Nervous, and not quite on top form, I struggled on a sharp climb out of Scarborough and took a tumble into the verge. I was scooped up and ably encouraged to continue. This was a new level of challenge for me and I was very relieved to see the support van some 12 miles later. A chair, some tea and many friendly faces were waiting for me. The next climb was tough and many of the ‘Empowered’ riders boarded the support vehicles, Simon included, who had sped his way along to this point. Helped onto an electric bike and feet secured in, Simon had an unusual style and was not fond of stopping for anything, or anyone. We redeployed at the top of the hill and followed a delightful downhill forest track into Dalby and lunch.
The way back began with a tough long climb out of Dalby. Gamely I took the lead, pedalling for all I was worth. Pushing and panting I eventually had to call it a day two thirds of the way up. I was spent, exhausted and gasping for breath. I was tottering and struggling to balance. Not only that, I had burnt out the motor on my bike. A disaster? Far from it. This was my triumph of the weekend. I had exhausted myself and found my limits. This is the frustration of MS: the encroaching nature of the condition makes it difficult to know how far one can push oneself and the shock of abruptly finding those limits. Scooped up by the team, my bike and I were soon safely installed in the sweeper vehicle with Neil, Gillian and Simon’s friendly dog Poppy for company. Day complete.
The last day was a stunning ride on the Cinder trail from Scarborough to Robin Hoods Bay and back. I was riding a different bike on loan now and was determined to complete the ride. Alas the final climb on the return up to Ravenscar took its toll on me and after one fall too many I had to call it quits. Nonetheless it was a great day and my graceful dismounts throughout the day earned me a yellow jersey in the evening camaraderie. I had cycled over 50 miles over the 2 days – more than I had ever tried before – and found a way to get both exercise and freedom with the support and backup that I now need.

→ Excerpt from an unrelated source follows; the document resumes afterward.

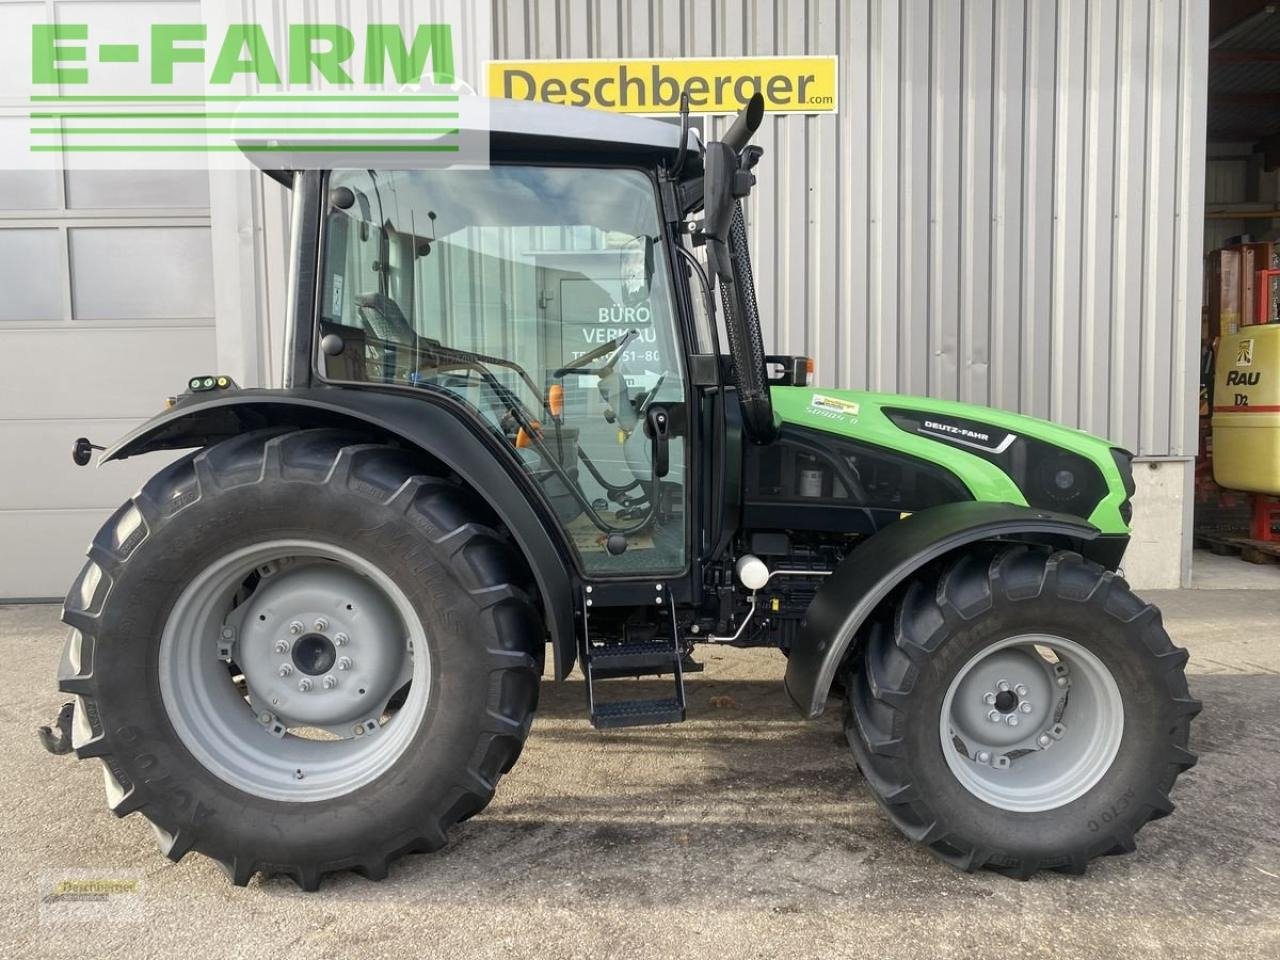 Tractor agricol Deutz-Fahr 5090.4 d: Foto 3

Empowered People is a remarkable charity. With a group of warm, talented and committed riders and supporters they are able to create the conditions where riders with a wide variety of challenges – MS, Parkinsons, accident victims, cancer survivors and more – are able to attempt cycling challenges that would otherwise be beyond them. It is a charity that focuses on what people can do, rather than what they can’t. Empowered People aim to help and advise people to source the right bike for their needs. In addition they organise challenging bike-rides, for which they need to acquire and maintain the essential support vehicles. Most importantly they need volunteers to support the rides, making tea, driving the cars, helping with the admin and, of course, riding with the team. I am enormously grateful to them, and to the warm and inspirational Simon in particular, for giving me this opportunity to know I can still attempt physical challenges that I thought were now beyond me. And thanks to Aunty Robin – I don’t think you realised what you were about to start.